One of the best ways to illustrate this is the intro message a new prospect sent us last week: “Our current agency was great — until iOS 14.5 and then things went south because they only knew how to do the one thing.”

True, we saw CPCs [cost per click] shoot up and CVR [conversion rate] plummet soon after iOS 14.5 came out just like every other growth marketing team on the planet. But what allows us to scale is the same thing that allowed us to get every one of our clients back on track post-iOS 14.5: fearlessness, curiosity and adeptness.

Why did you choose to have an in-house creative team?

Ad creative is truly distinct from brand creative and, simply, we had a heck of a time finding agencies or even freelancers that could produce content optimized for ad channels on a tight budget and an efficient timeline.

Around the same time that this problem started to hinder our ability to quickly and efficiently optimize our campaigns, there were a handful of founders that reached out looking for a growth marketing team that could drive revenue growth and also validate/battle test their messaging and value props. So, we tried it out: We designed a few tests to measure the effectiveness of different value props, created visual assets that represented those in a clear, efficient way, measured the results and found that it all just clicked.

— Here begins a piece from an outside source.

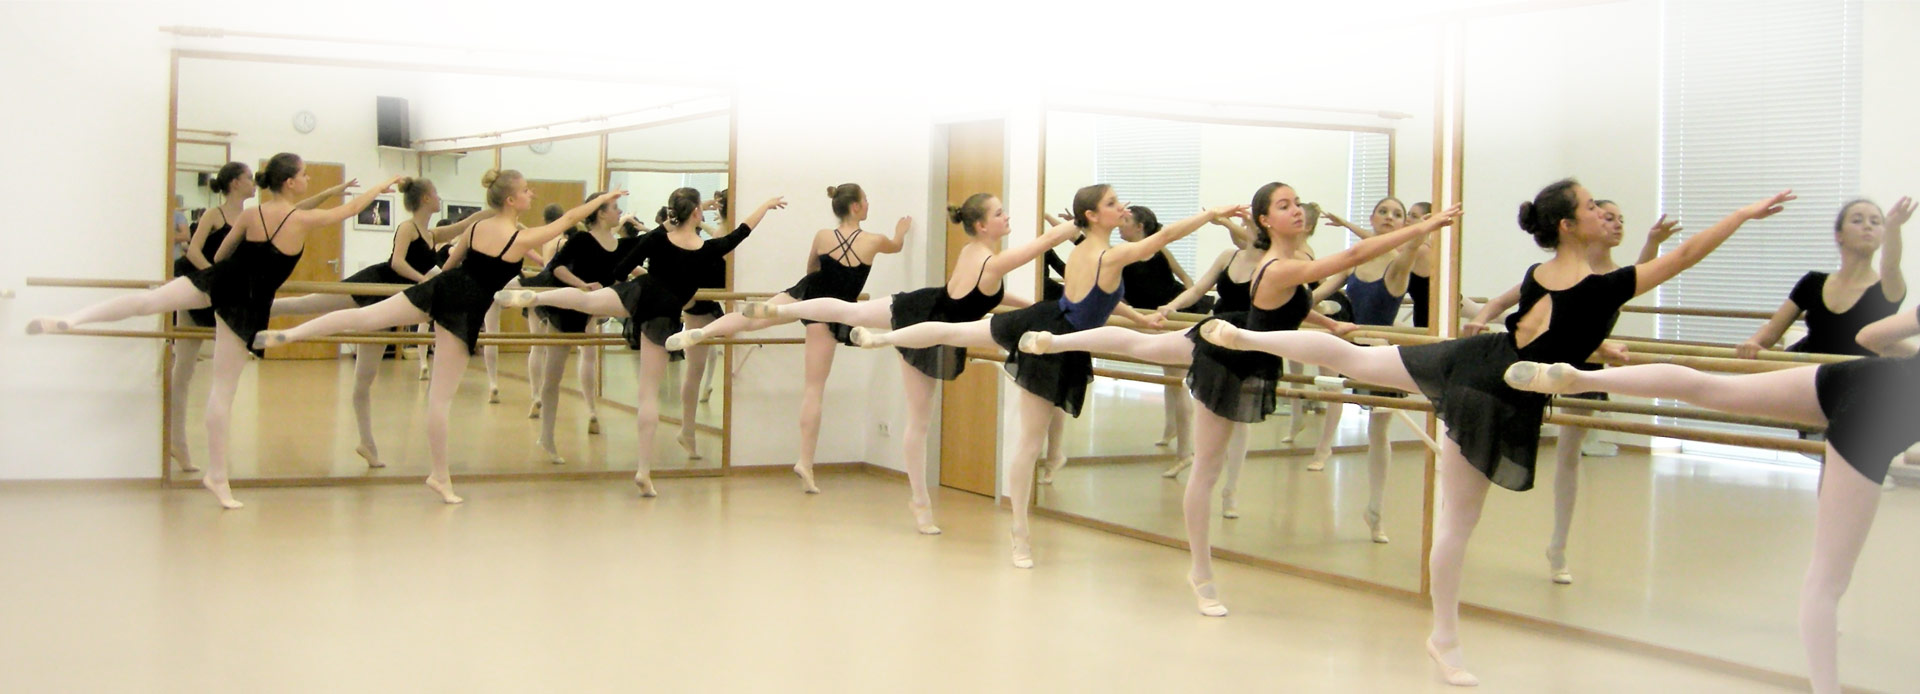 Die Ballettschule Baden-Baden bietet professionellen Ballettunterricht für jede Altersstufe

Long before ad creative was brought in-house, though, we had been working with a set of incredibly talented UX designers. Over the years, CRO became a much more tried-and-true element of our growth marketing strategies, and when the seeds of the ad creative team started to sprout, we knew that bringing creative in-house would anchor everything in place.

How has being a remote team fared out so far?

We’ve been a remote team since day one and this helps us be really thoughtful about ways we communicate internally and with our clients. Aside from setting the growth strategy for each company we work with, choosing the tools and executing tactics, we’ve learned how to be master communicators.

As a remote team, we’ve had to put a lot of time and energy into creating a culture rooted in transparency and authenticity. I like to think that this seeps into our client relationships, too. The more informed, honest and clear conversations we can have as a team and with our clients, the better work we will all do.